Helping people with computers... one answer at a time.
A router is an important tool in staying safe when connected to the internet. A router will stop certain types of viruses and malware ... but not all.
I have FIOS which includes an Action Tec router/switch combo device. The router's security is at factory defaults. Is it possible for a virus/spyware to jump across the switch? I just found exceptions that other programs put there without my knowledge. Skype, Google earth. I do not remember these programs asking me the make exceptions. I just turned all exceptions off. An IT guy thinks so, I always thought the answer was no.
The short answer is: Yes.
The longer answer is more involved, and involves the differences between a router and a switch, how a router protects you, software that's makes changes to your router without asking, and ultimately different kinds of viruses and malware and which a router can and cannot protect you against.
First, I think we should clear up some terminology.
A router is an intelligent device - meaning it's running some fairly sophisticated software. It looks at the data packets that are traversing across it and modifies the routing information within the packets to control how they are routed from point A to point B.
A switch is a not-so-intelligent device that also looks at the packets that traverse it, but doesn't modify anything. Instead it learns which IP addresses are on which of its physical connections. Its job is simply to make sure that packets that come in destined for a particular IP address are sent to the correct physical connection on which that IP address lives.
I suspect that you're using the term "switch" as synonymous with "router", since it's one box in your case. Technically that's incorrect, and when they're combined like that it's probably best just to refer to it as a router.
The real point, however, is that a switch provides no protection; it's the router that does that.
Or, more specifically, how a NAT router protects you.
NAT, or network address translation, is how a router lets you connect several different computers on your local network to a single internet connection that uses a single internet IP address.
Computers on your local LAN are assigned local IP addresses by the router - usually of the form 192.168.1.1 or similar. When your computer connects to an internet resource the router sees that outgoing packet and changes the local IP to the internet IP address assigned to your internet connection. When the response comes back the router does the reverse, routing the response back to the correct computer on your network.
Now, this only works for outbound connections - meaning a connection to an internet resource that one of the local computers initiates. If an unrequested attempt is made to connect to your internet IP address - the router has no idea what computer to send it to, so it's ignored.
That's the protection that a router provides: any attempts to connect from computers on the internet to your computer are blocked.
And there's a huge class of malware that tries to spread exactly that way - by trying to connect directly to your computer.
If you've got a router, you're protected.
As you can imagine there are sometimes scenarios where you actually want to be able to initiate a connection to your computer from the internet. Most routers support this, but you must manually configure the exception to the "everything's blocked" rule.

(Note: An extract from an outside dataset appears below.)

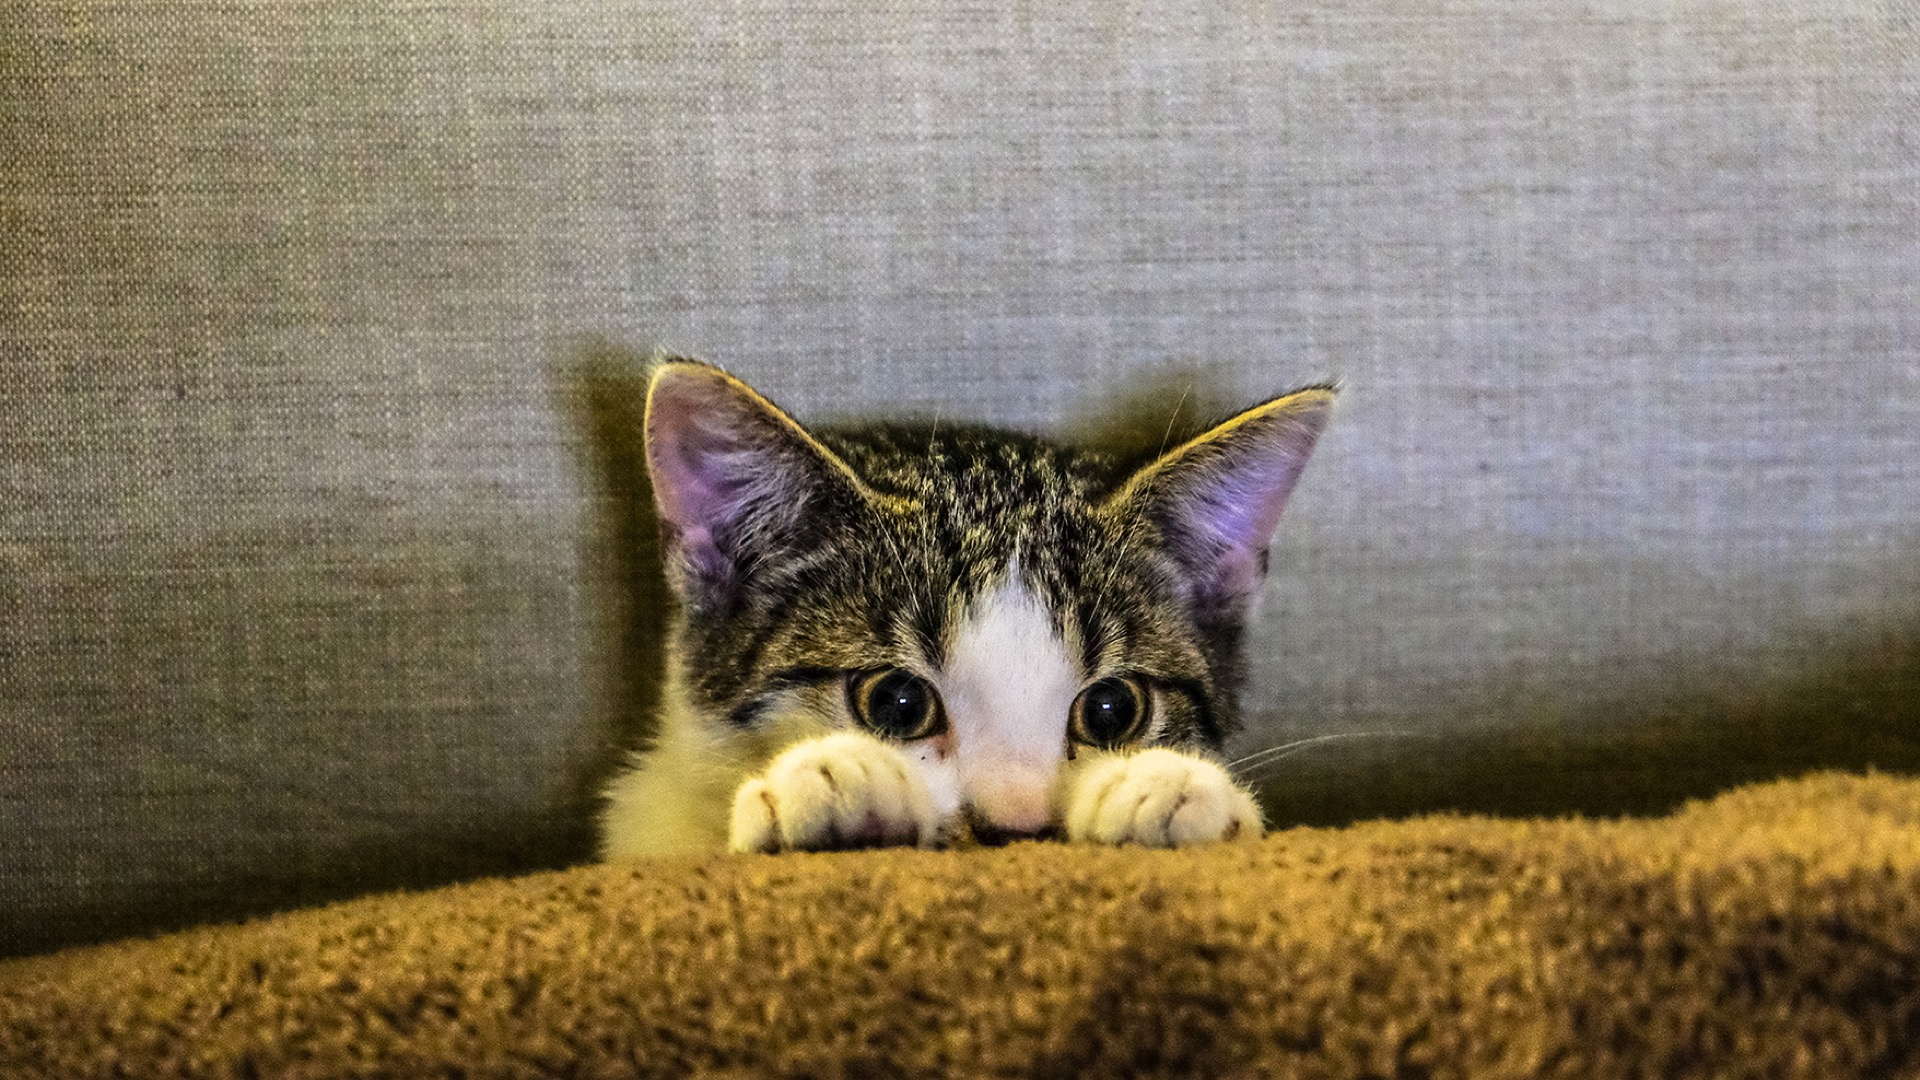 kitty peeking out from blanket

What's called "port forwarding" allows you to tell the router "if a connection comes in on this port (the way types of connections are defined), send it to this computer".
Something called "Universal Plug and Play" (UPNP) also allows software to make router configurations "for you", without asking.
I'm guessing that's exactly what Skype and Google Earth did.
UPNP is a security risk, because malware on your machine could also just as easily use it to make changes to your router's configuration and remove much of the security that you so carefully put in place.
Turning off those exceptions was the right thing to do. I also recommend turning off UPNP on the router completely.
Wait ... "malware on your machine"? But didn't the router stop all malware?
No. The router stops a certain type of malware; an important type of malware. But it doesn't stop all malware.
A properly configured router will prevent unsolicited connections from computers on the internet from reaching your machine.
A router cannot protect you against:
Malware you download
Malware in email attachments that you open
Websites that you visit that install malware on your system
Malware that arrives on other media, like USB drives
... and probably more.
The bottom line: a router configured properly will protect you from a very important threat. Without a firewall or router protecting you against this threat you are at serious risk.
But a router (or a firewall) cannot protect you from all of the many other ways that malware can reach your machine.